Location: Alumni Hall, University of Dayton

Meeting Topic: Book of Daniel

Facilitator: Dr. Eric Friedland

Hosts: Eleanor & Harry Koenigsberg; Arthur & Judy Auster

PRESENT: Eileen Moorman, Acting Cochair; Arthur Auster, Judy Auster, Kenneth Bauman, Donna Bealer, Connie Breen, Bert Buby, April Collins, Phyllis Duckwall, Elisabeth (Blue) Fitzhugh, Shirley Flacks, Eric Friedland, Jerome Haney, Agnes Hannahs, Edith Holsinger, Bette Jasko, Bob Jasko, Sophie Kahn, Stephen Kahn, Jack Kelley, Eleanor Koenigsberg, Harry Koenigsberg, Barbara Levine, Eileen Moorman, Bev Price, Donald Ramsey, Anne Ringkamp, Harold Rubenstein, Sophie Rubenstein, Ken Rosenzweig, Dieter Walk, Suzie Walk, Rose Wendel, William Youngkin, David Zinner.
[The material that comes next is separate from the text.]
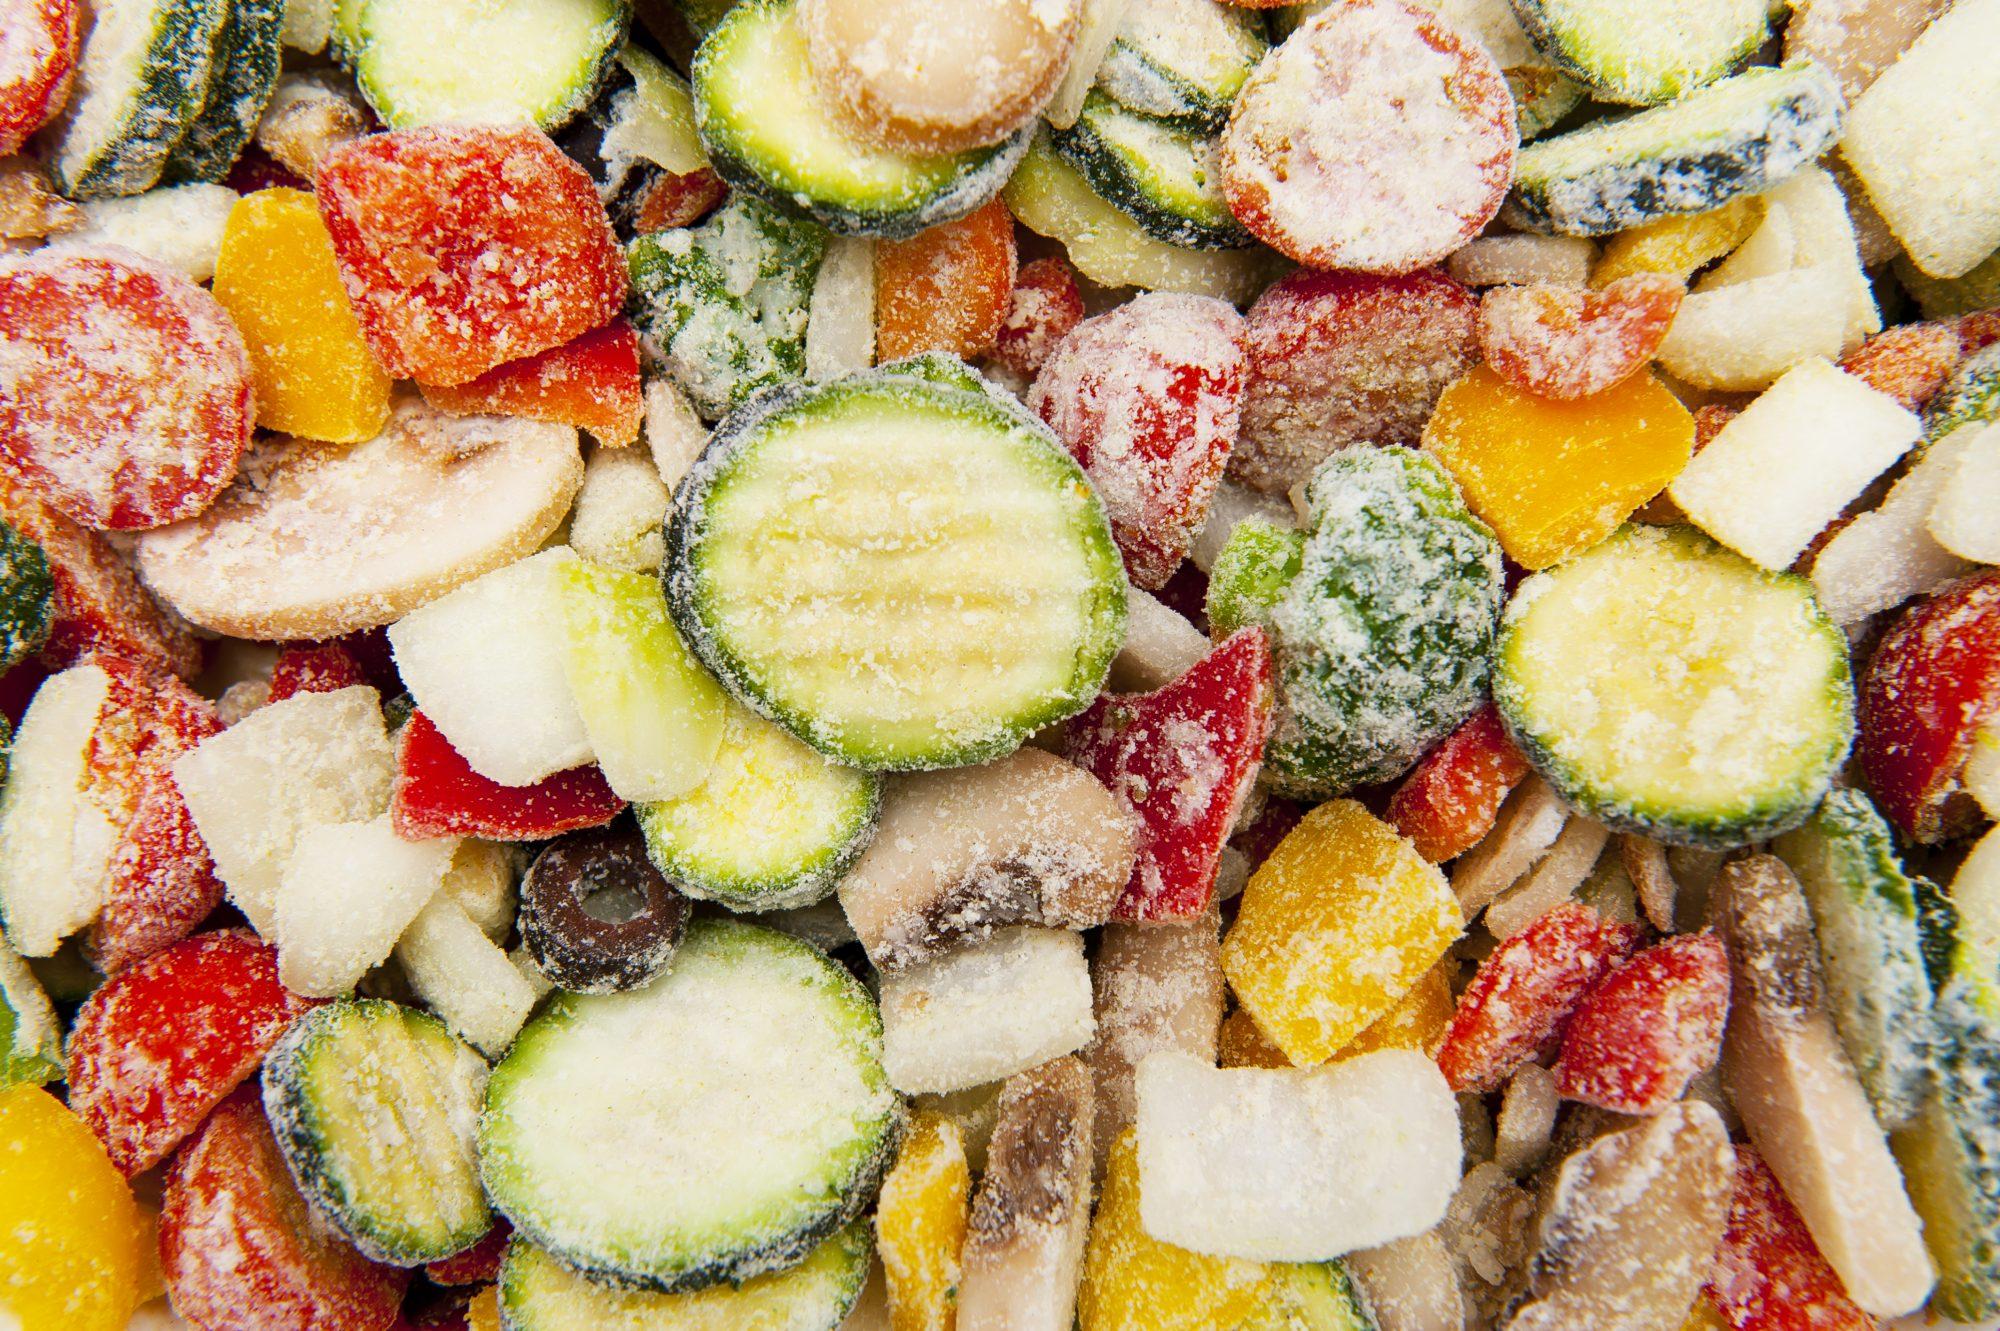 getty frozen vegs 020819.jpg

Eileen called the meeting to order at about 7:55 PM. She thanked the Koenigsbergs and the Austers for providing refreshments for the meeting. Eleanor delivered a prayer which was based on a poem from a pamphlet that she picked up at Rosh Hashanah services at Beth Tikvah Synagogue in Boca Raton, Florida. The rabbi of that synagogue is Jack Riemer, former rabbi of Beth Abraham Synagogue here in Dayton. The poem expressed the dream of putting an end to war and of people agreeing to never fight again. Next, Arthur delivered a prayer for the recovery of Cardinal John O'Connor who just had brain surgery. Judy and Arthur received a synagogue bulletin from Ohel Leah (Tent of Leah), an Orthodox synagogue in Hong Kong. One of the Auster's children is a member of that synagogue. The time was the onset of the Jewish New Year (Rosh Hashanah) which is the season of teshuvah (repentance). The newsletter included greetings to the congregation from Cardinal O'Connor. He noted that the Jewish year of 5760 coincided with Christian celebration of the start of a new millennium. O'Connor said the Pope has called Catholics to declare a Jubilee Year. Traditionally, part of the Jubilee Year is the call for teshuvah (repentance). Cardinal O'Connor said that Ash Wednesday of this millennium year has been set aside for reflection of Catholics on the pain inflicted on Jews by Christians over the ages. Cardinal O'Connor expressed abject sorrow on behalf of any member of the Catholic Church (including himself) who may have harmed Jews in any way. He concluded his greeting with l'shanah tovah tikatevu (wishing you a good year).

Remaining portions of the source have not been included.